Purchasing a home that requires repairs and renovations can seem impractical. Generally, lenders don’t allow homeowners to purchase the property until after repairs are completed; however, an FHA 203k loan allows property owners to roll home renovation costs into the mortgage before making any changes to the property. By applying for the loan, individuals have the tools to reach their goals and obtain the home of their dreams.
Estimate the Costs
Although the cost of the home provides a basic idea of the overall price of the property, it’s not enough for a 203k renovation loan. Before applying for a 203k mortgage, estimate the cost of the renovations or the changes that the property requires before you move into the space.
Renovations depend on the severity of the damage to the property or the changes that you need to put into the house. For example, changing a kitchen will cost significantly less than fixing the entire house or working on structural damage that requires immediate repairs for the safety of the homeowner.
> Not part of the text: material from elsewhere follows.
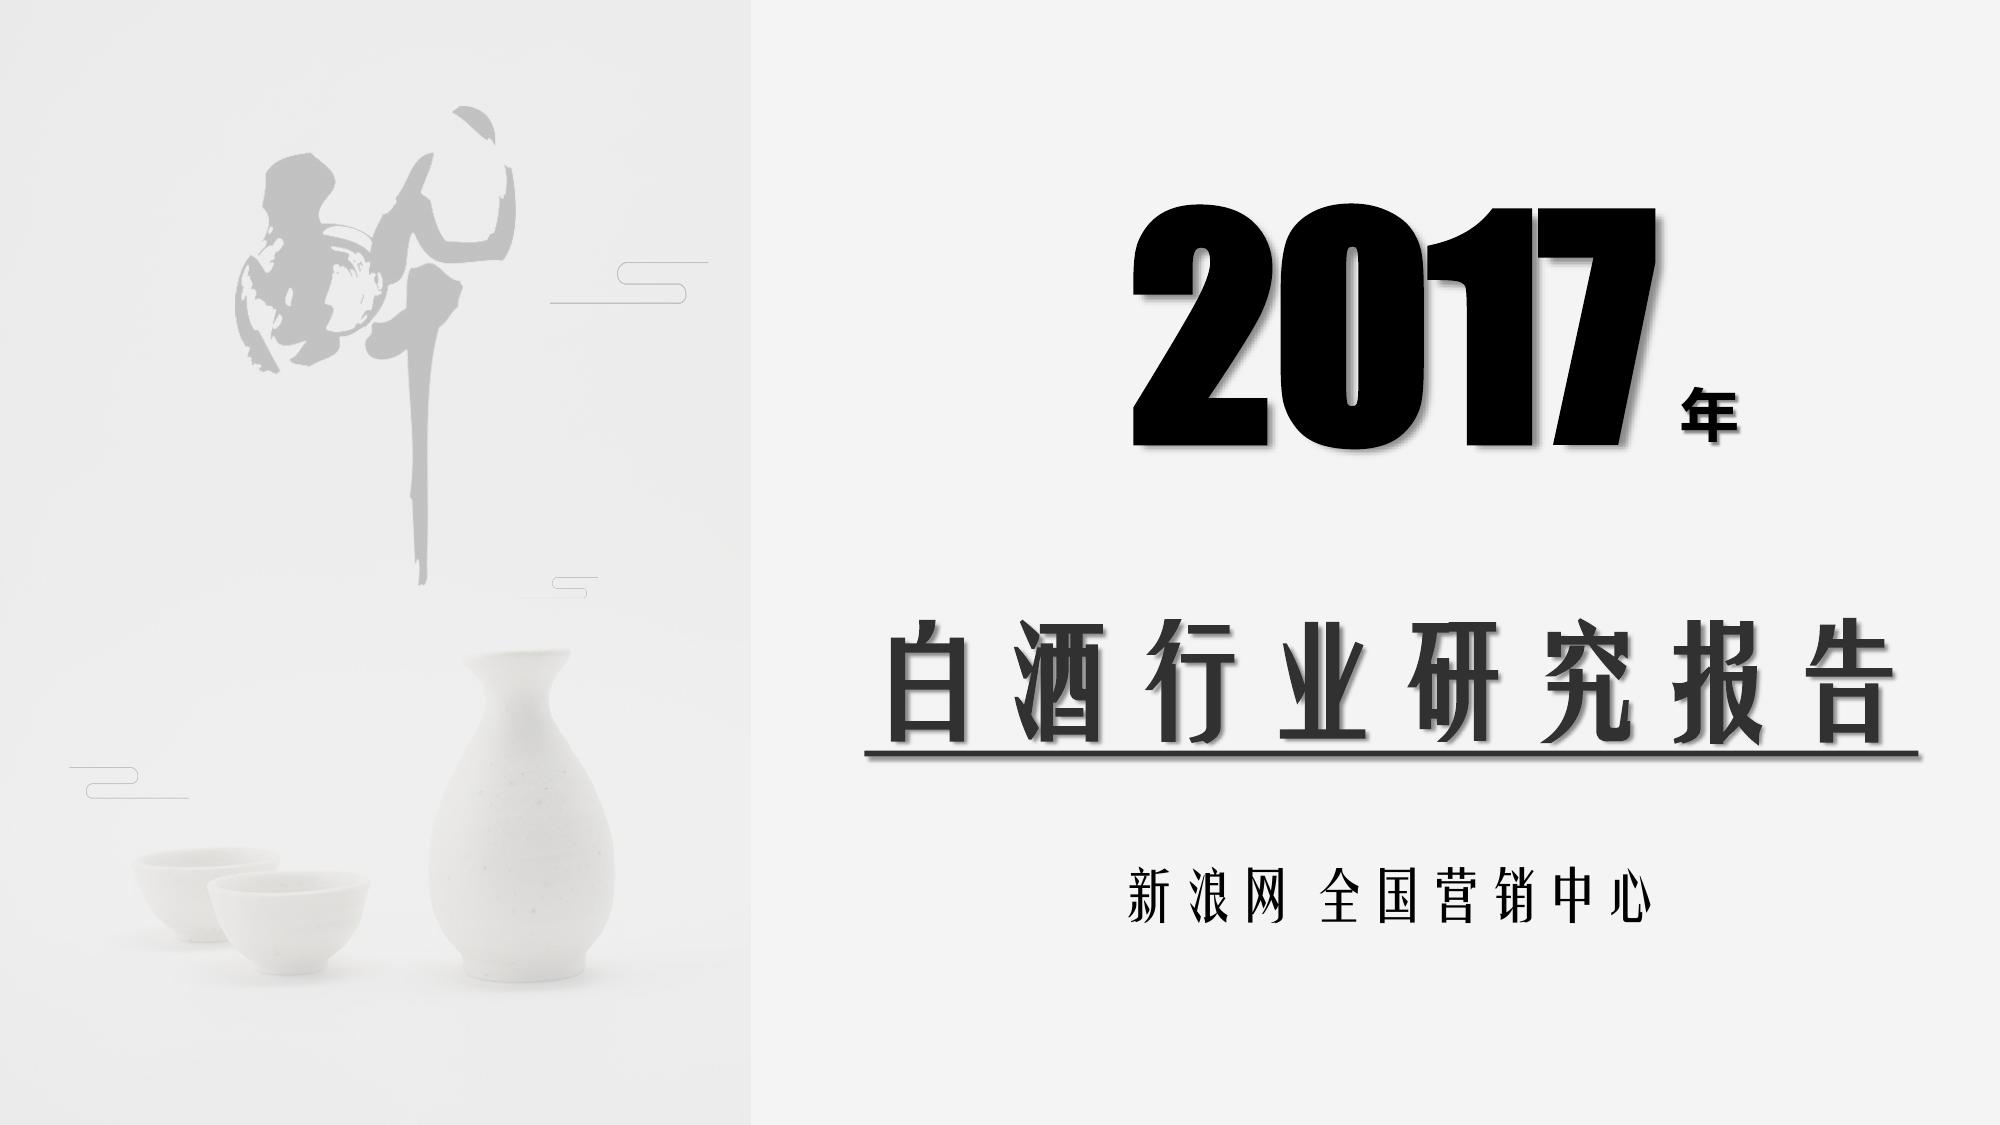 微博数据中心:2017白酒行业研究报告(附下载)

Work with a contractor to estimate the final costs of the renovation project. Keep in mind that some complications, like unexpected water damage, structural damage or even changing out the pipes in the kitchen or bathroom, impact the cost and might change the final cost when compared to the estimate. Use the estimate form a contractor to evaluate the final cost of the house and the loan you need.
Get a Credit Report
Ask for a credit report and read through the information before applying for a loan. Although you can get a loan from Prospect Mortgage with different credit ratings, you’ll want to make sure that the bank has accurate information. Look for any mistakes in your historical data and correct any errors before asking for a home renovation loan.
The best renovation loan rates depend on your credit score as well as your debt to income ratio. You want an excellent credit rating for the best rates on your home loan.
Obtain Appropriate Paperwork
The paperwork required for a 203k mortgage depends on your situation. Generally, you need to provide proof of income, tax returns for a few years and proof of identity. You might also need to provide an estimate for the cost of the work on the home you plan to purchase and an official appraisal of the property for an estimated current value.
Lenders use the value of your home as a starting point for the loan; however, the cost of the house increases after you make renovations and changes to the property. The return on your investment will vary based on the project, but a lender will want to know the current value of the house before providing a loan.
Recognize your Debt to Income Ratio
A debt-to-income ratio refers to the percentage of debt you pay when compared to your income. Generally, an FHA home improvement loan sets limitations on the overall debt to income ratio so that you do not exceed an amount that you can easily pay.
As a general rule, lenders will not allow you to take out a loan that exceeds roughly 30% of your total income. Exact amounts depend on other debts and financial responsibilities, so expect some variation in the actual loan amount. While you can obtain a loan from Prospect Mortgage to purchase and renovate a home, you must recognize the limitations of any credit you currently use on the final amount. You want enough to pay for the changes without exceeding your ability to make payments on your loan.
Applying for a loan requires appropriate paperwork and information. When you want a 203k mortgage, you must prepare for the renovations as well as the purchase. Expect some variation in the actual amounts that a lender approves based on your credit rating, your income and the property.
Photo Credit: lmldolz
Lillian Neighbors says
Great post Len. Extremely helpful info. Particularly the last part! I’ll look into this. Thank you.
Lila says
Each house loan program will have its own individual set of rules. Try taking advantage of the first time home buyers tax credit. The one big problem is that mortgage money for first time home buyers can be hard to find.
Len Penzo says
Homebuyers with good credit scores typically never have to worry about getting home loans, Lila.
Lauren P. says
The 203K mortgage is an interesting idea! We’ve bought several fixer-uppers and always renovated on a ‘pay as you go’ schedule, taking several years to finish each place. We also lived in the places as we renovated, which makes for some GREAT stories! But not every marriage can handle that and this mortgage sounds like a nice alternative!
RD Blakeslee says
It’s likely that some of the folks who follow this blog have been sellers of housing which cannot meet FHA standards for a loan. The program referenced here was a godsend for my wife, who owned an historic old house in Virginia that could not have been sold any other way.
Len Penzo says
Fantastic! Good to know that they do work as intended, Dave.